21 It may be also relevant to determine precisely what is the subject of the proscription. This is a task that requires the Court to look at the legislative intention. The relevant provisions of the statute and of the Plan do not expressly prohibit the making of such a tenancy agreement or make it void. They do not expressly address the question of enforceability of contracts. The Plan itself is concerned with development. I do not consider that clause 23 was intended to render the tenancy agreement and/or its performance unlawful. What the Environmental Planning and Assessment Act 1979 and the Environmental Planning and Assessment Regulation 2000 do is inter alia provide remedies, create offences and impose penalties. There is authority which supports the view that the intention of such provisions was to penalise breach (see Perman v Wentholt-Dwyer [2004] NSWSC 48). For present purposes, it is unnecessary to take this matter further.

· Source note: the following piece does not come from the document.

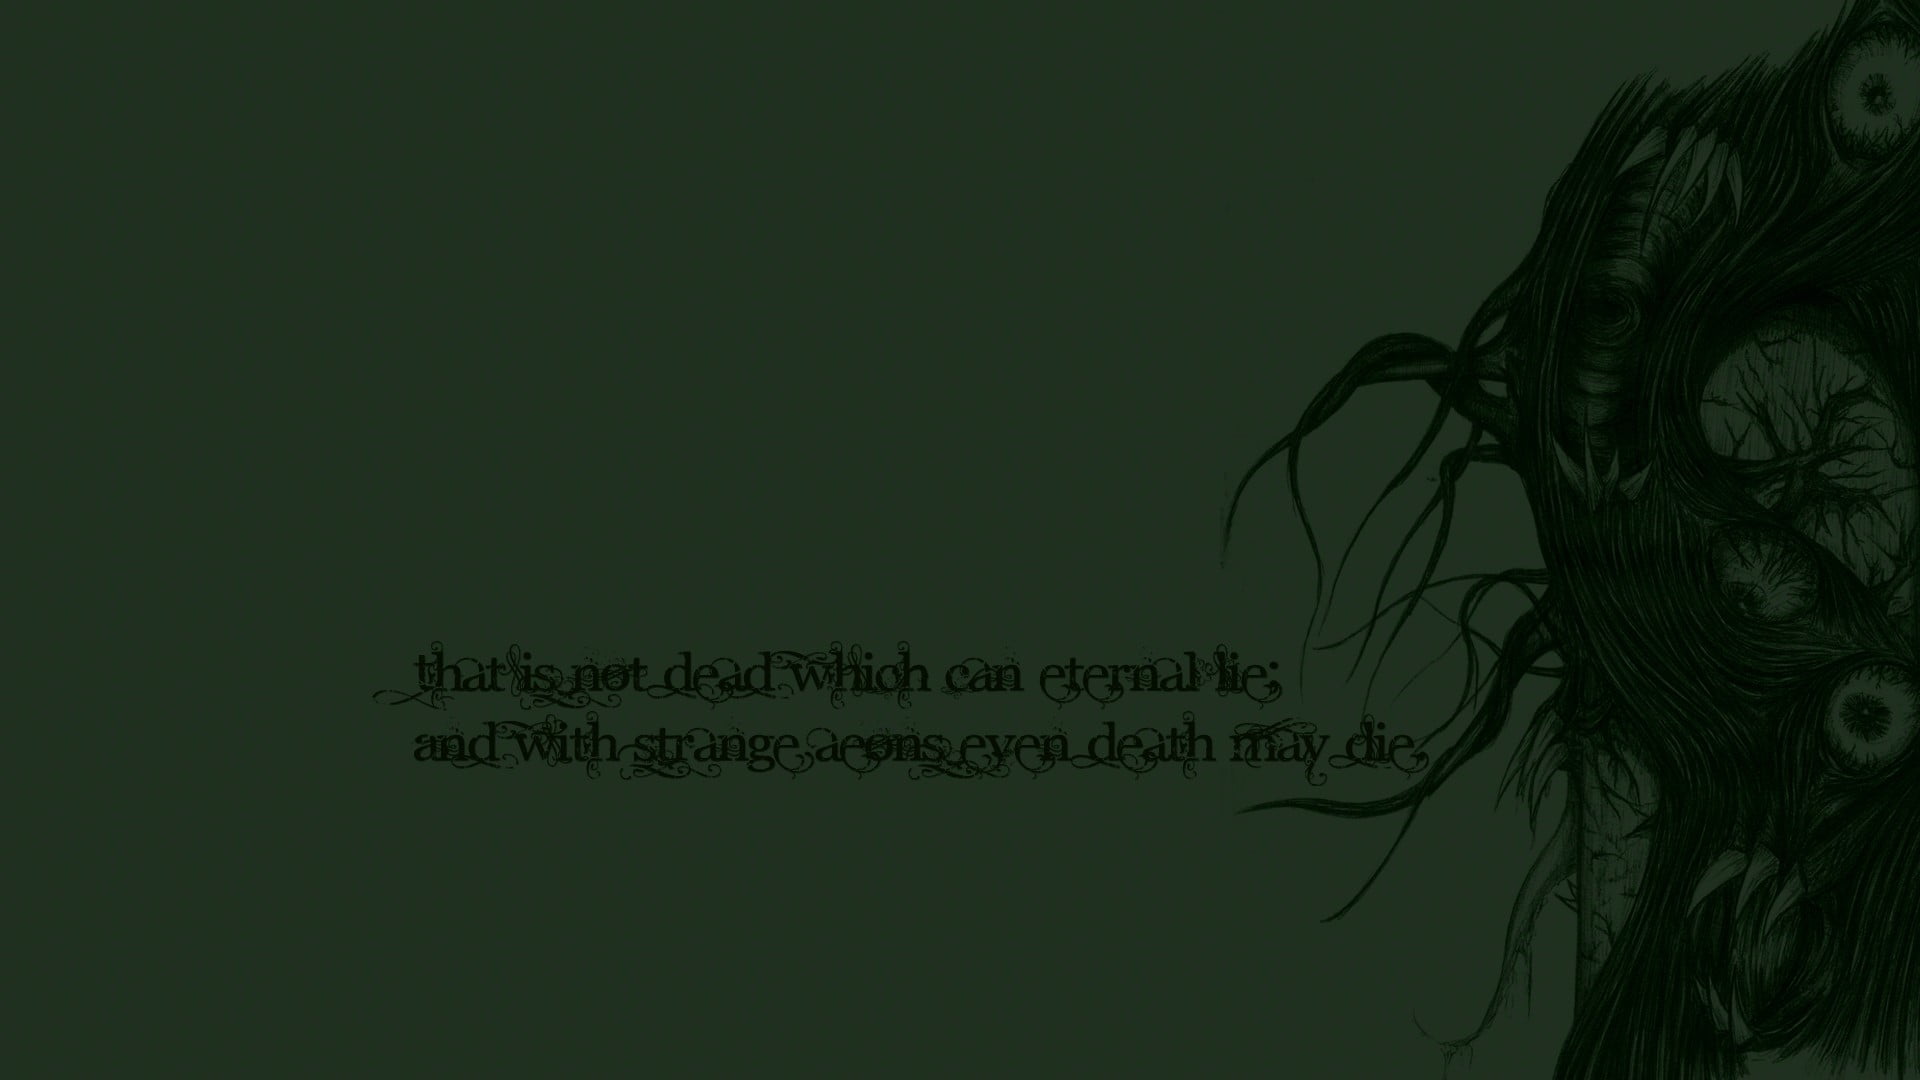 untitled, quote, Cthulhu, copy space, text, art and craft, communication

22 In the second judgment, the Magistrate did, inter alia, refine the expression of the representation found to have been made in the first judgment. It was a finding made in respect of the plaintiff's cross-claim. The plaintiff contends that there are other inconsistencies. In my view, there is no need to dwell on these matters. I consider that they are of no significance in the determination of this appeal.
23 Further, it seems to me that the submissions made as to estoppel and bias are misconceived. I do not consider that they help the plaintiff in this appeal.
24 In my view, the Magistrate made a considered analysis of the relevant authorities. He came to the view that the tenancy agreement fell within category 4 (the contract, although lawful according to its own terms, may be performed in a manner which the statute prohibits) of the four main ways in which the enforceability of a contract may be affected by statutory provisions which render it unlawful (see Yango at p 413). This led him to find that the defence of illegality failed. It seems to me that he reached a result that should not be disturbed. I consider that the defence of illegality could not be successfully raised in the circumstances of this case.
25 The plaintiff bears the onus of satisfying the court that the decision of the Magistrate should be disturbed. In my view, that onus has not been discharged.
26 The summons is dismissed. The plaintiff is to pay the costs of the summons. The exhibits may be returned.